ABOUT THIS TASK.
Leave the images out and repeat the data exactly as given.

EXERCISE DATA.

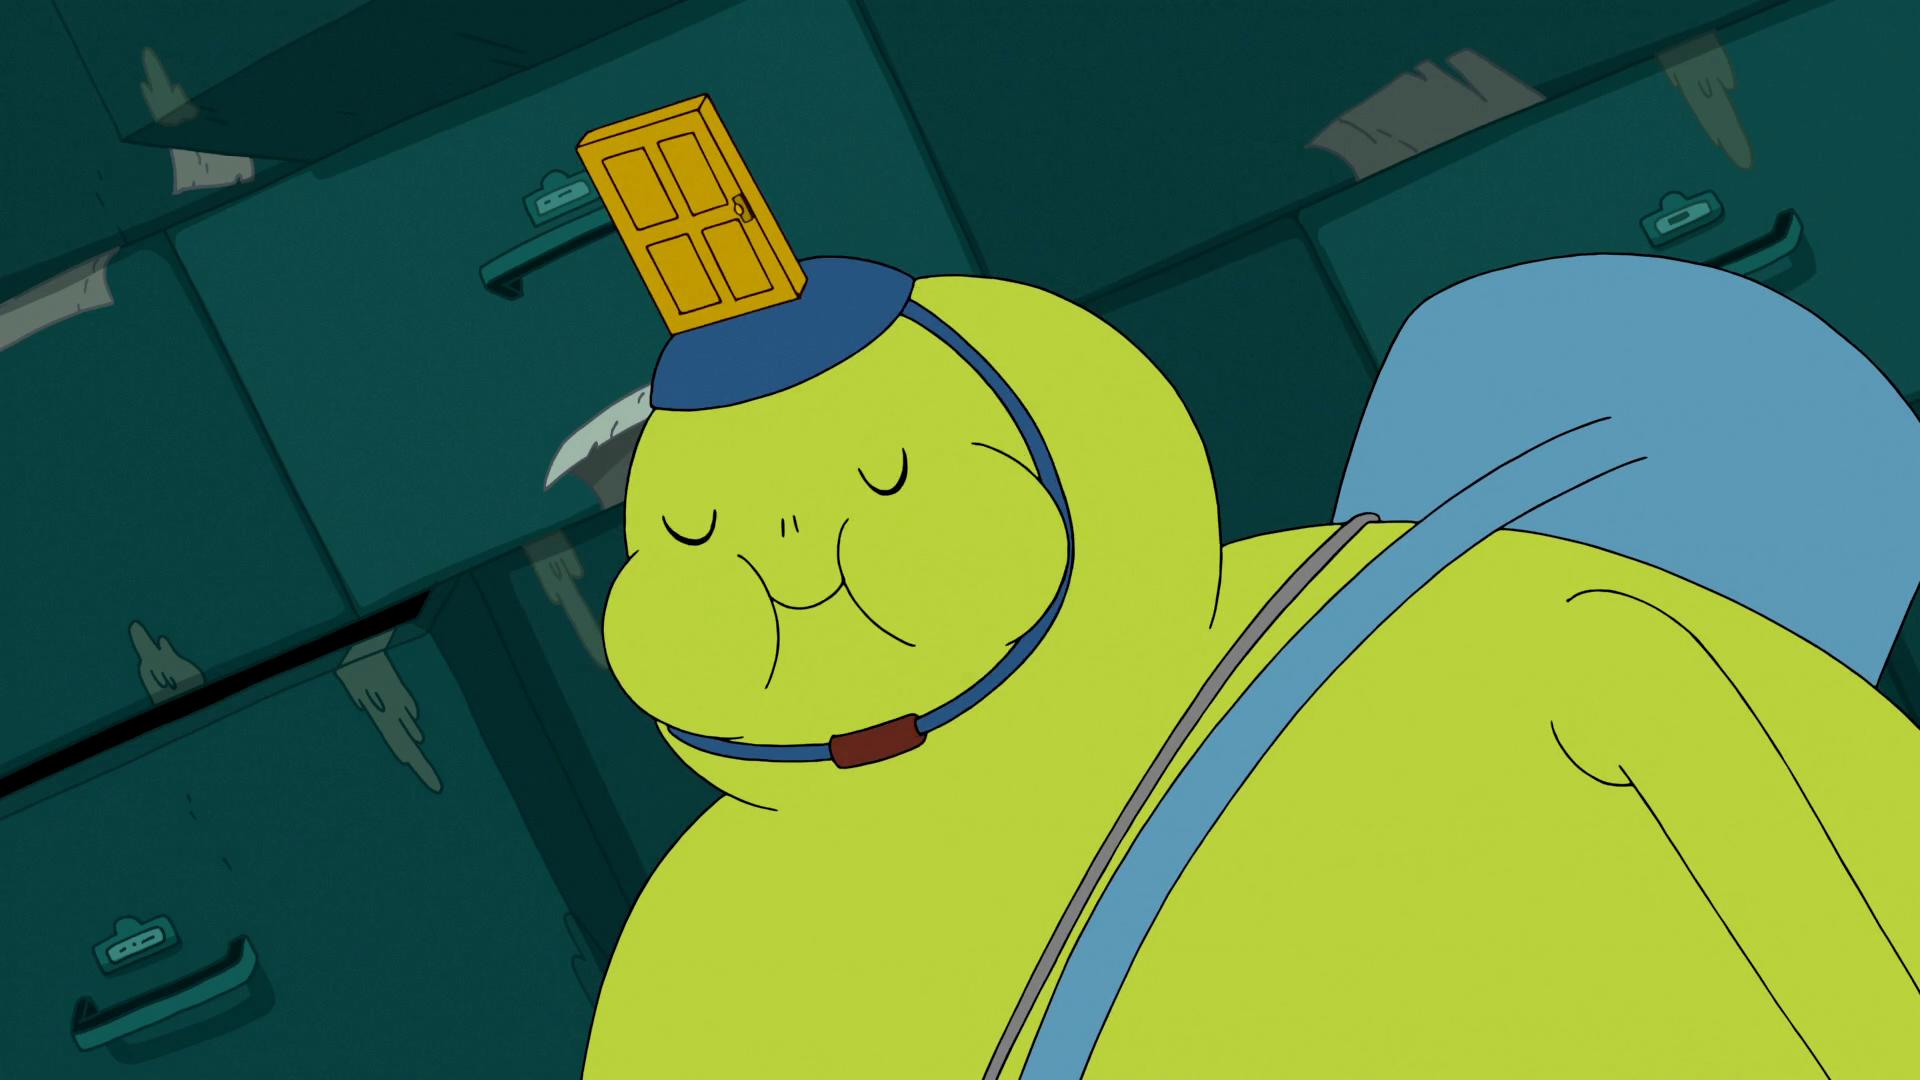 S3e10 Door Lord shaking head.png & Image - S3e10 Door Lord shaking head.png | Adventure Time Wiki ...
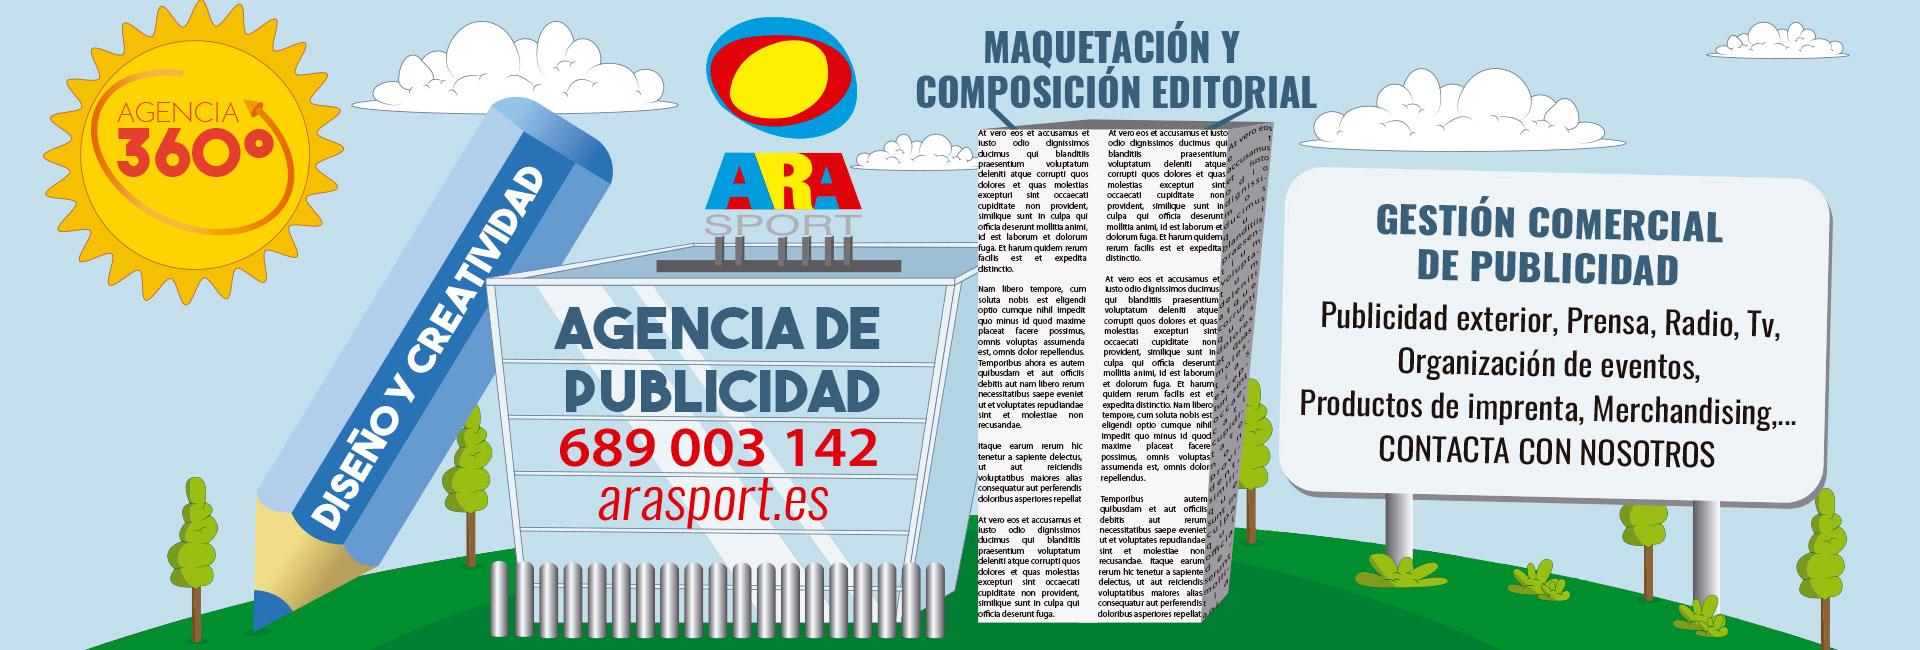 infografia-agencia-de-publicidad
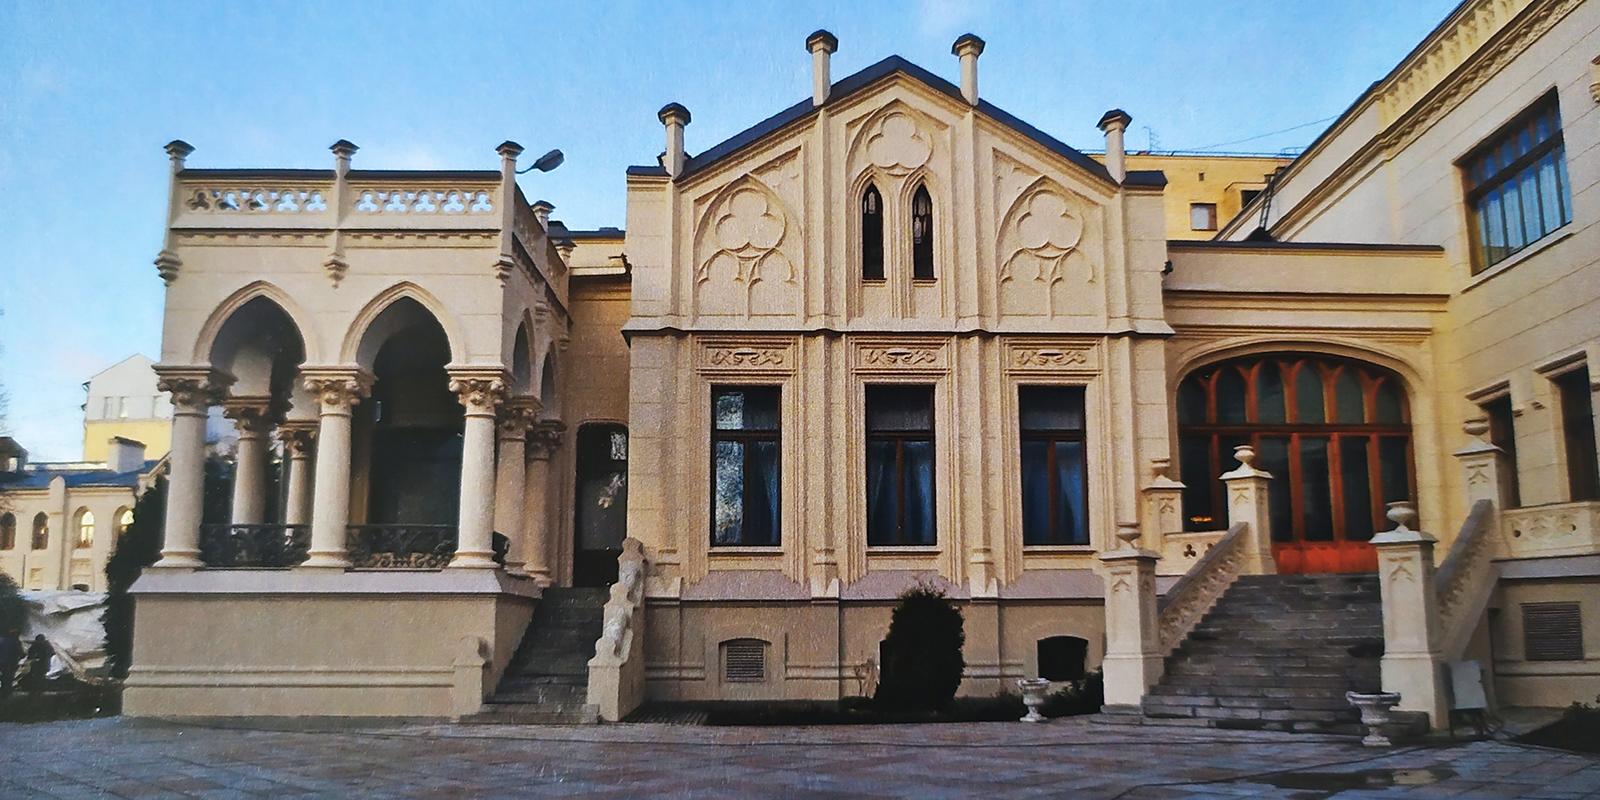 Шедевр Шехтеля: эксперты подтвердили ценность особняка Саввы Морозова на Спиридоновке

ANSWER AREA.
 S3e10 Door Lord shaking head.png & Image - S3e10 Door Lord shaking head.png | Adventure Time Wiki ...
 infografia-agencia-de-publicidad
 Шедевр Шехтеля: эксперты подтвердили ценность особняка Саввы Морозова на Спиридоновке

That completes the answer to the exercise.